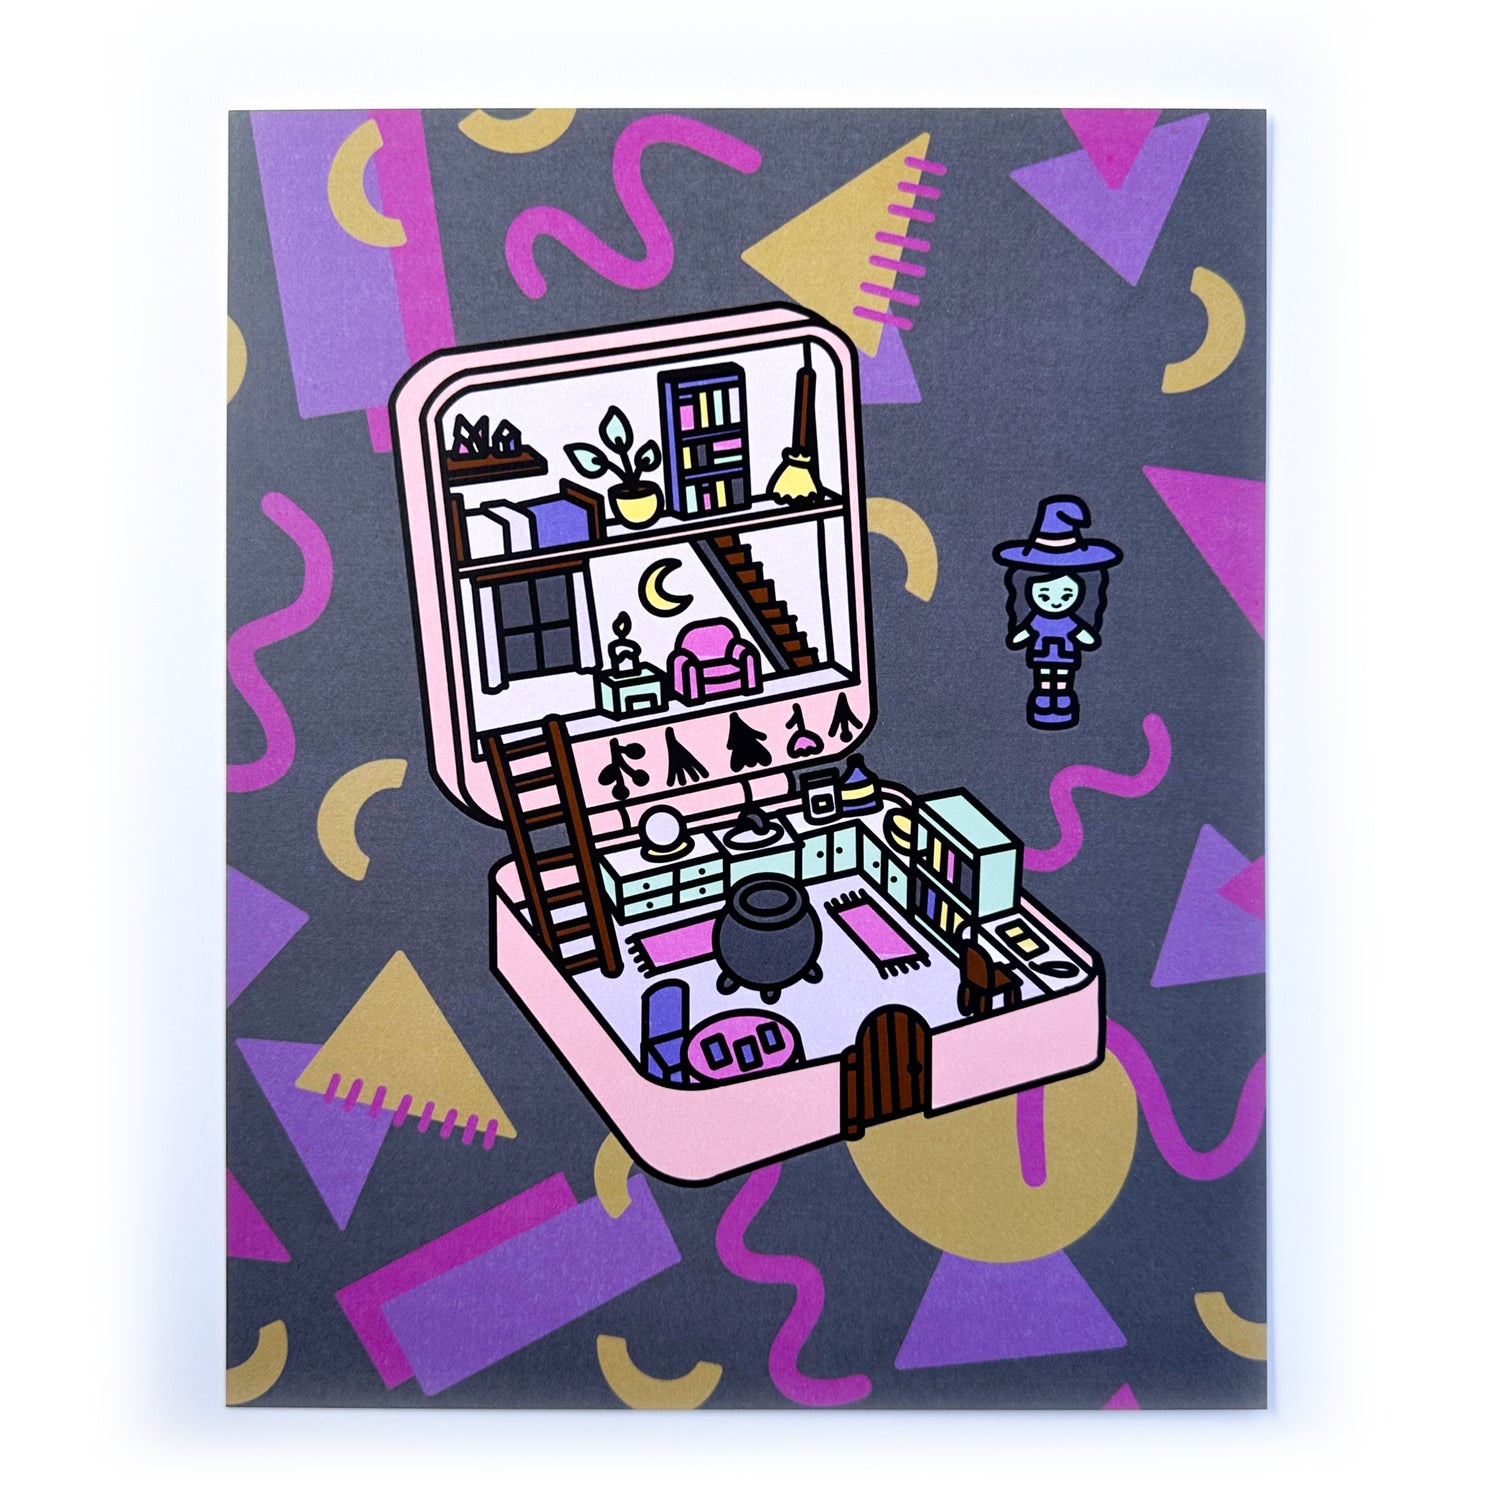 A print of an illustration of a Polly Pocket style toy of a little witch doll and her little witch house. There is a background of squiggles and shapes reminiscent of 90's arcade floor in fun purple and pink colors in the background. 
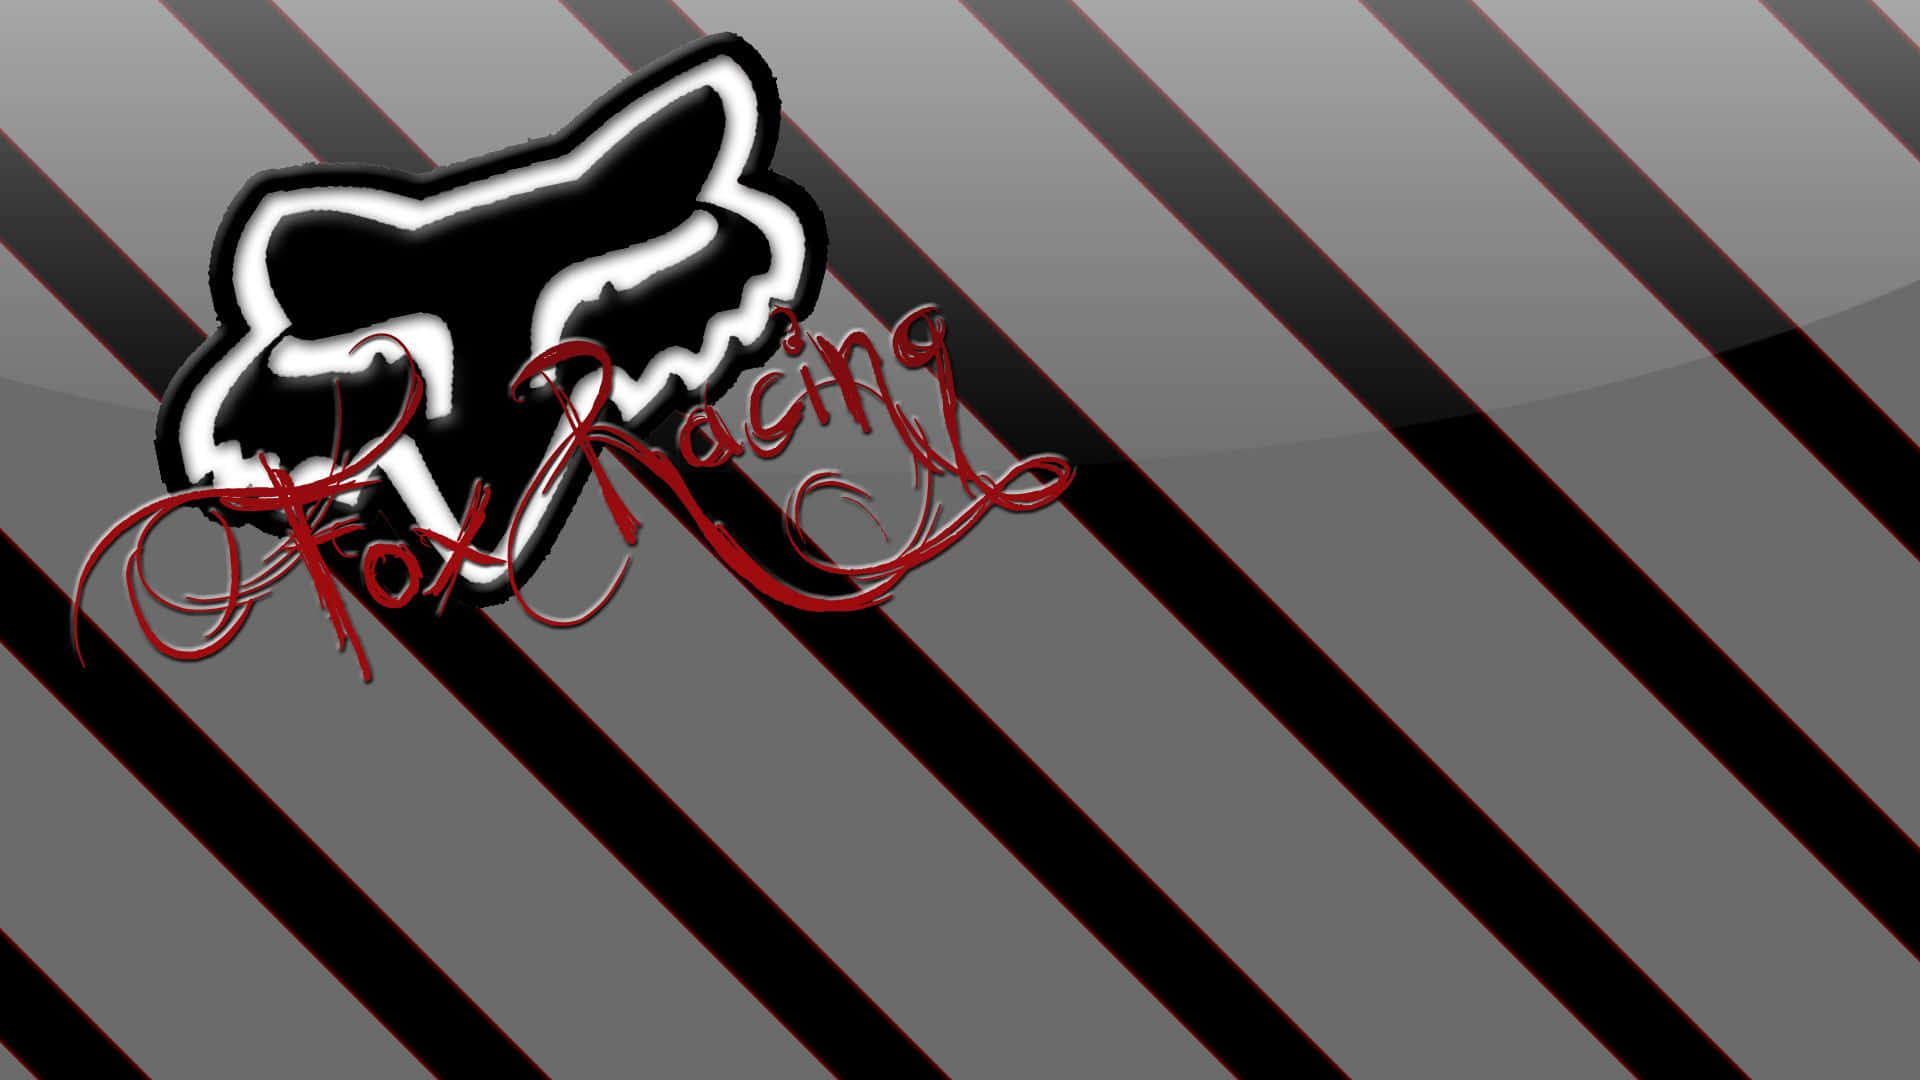 fox racing backgrounds for laptops
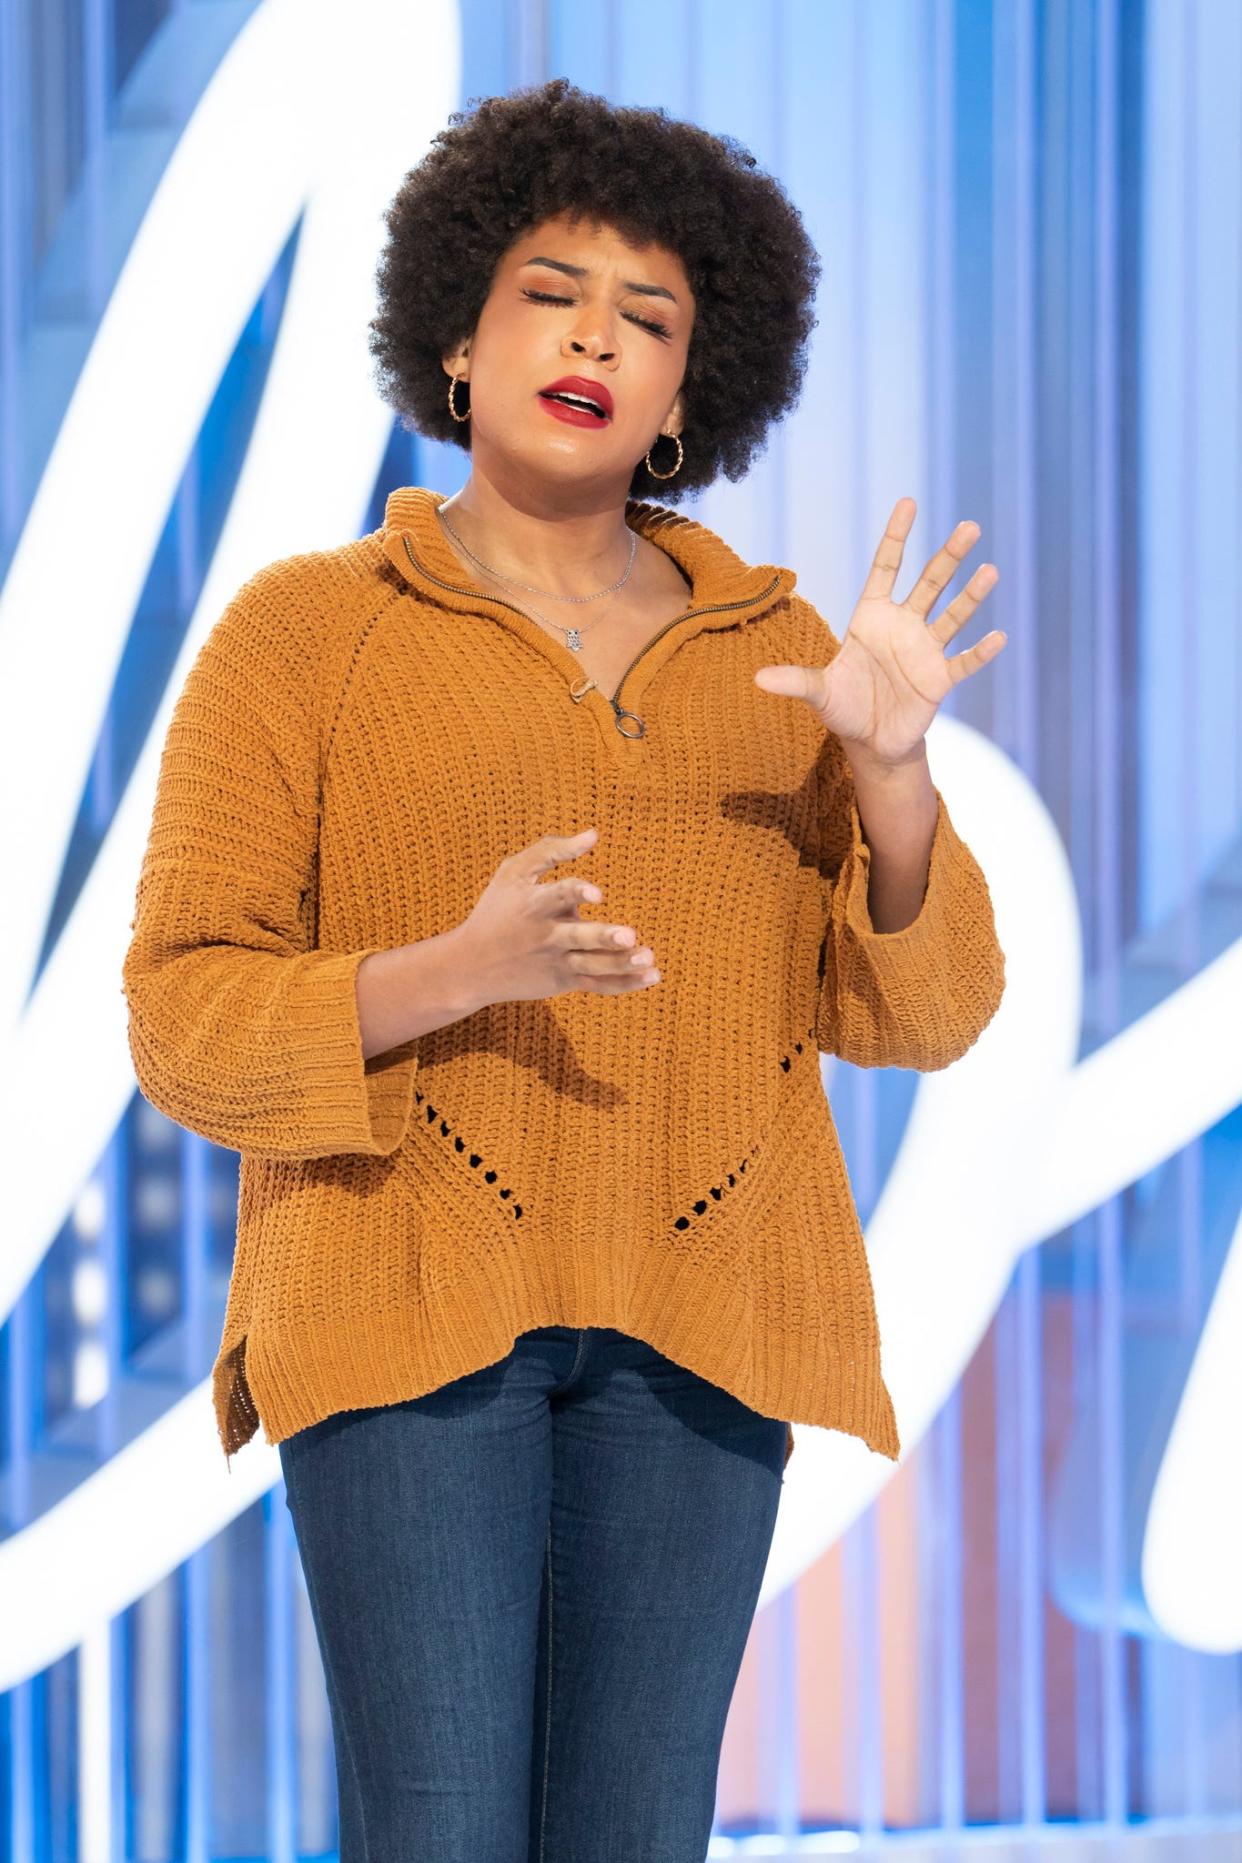 Amari Scott Keys, a waitress at Wings and Rings in Richmond, appeared on the March 17 episode of season 22 of American Idol.

# PROBLEM TO SOLVE
Please repeat all of the data exactly, excluding images.

# ANSWER SECTION
 A print of an illustration of a Polly Pocket style toy of a little witch doll and her little witch house. There is a background of squiggles and shapes reminiscent of 90's arcade floor in fun purple and pink colors in the background. 
 fox racing backgrounds for laptops
 Amari Scott Keys, a waitress at Wings and Rings in Richmond, appeared on the March 17 episode of season 22 of American Idol.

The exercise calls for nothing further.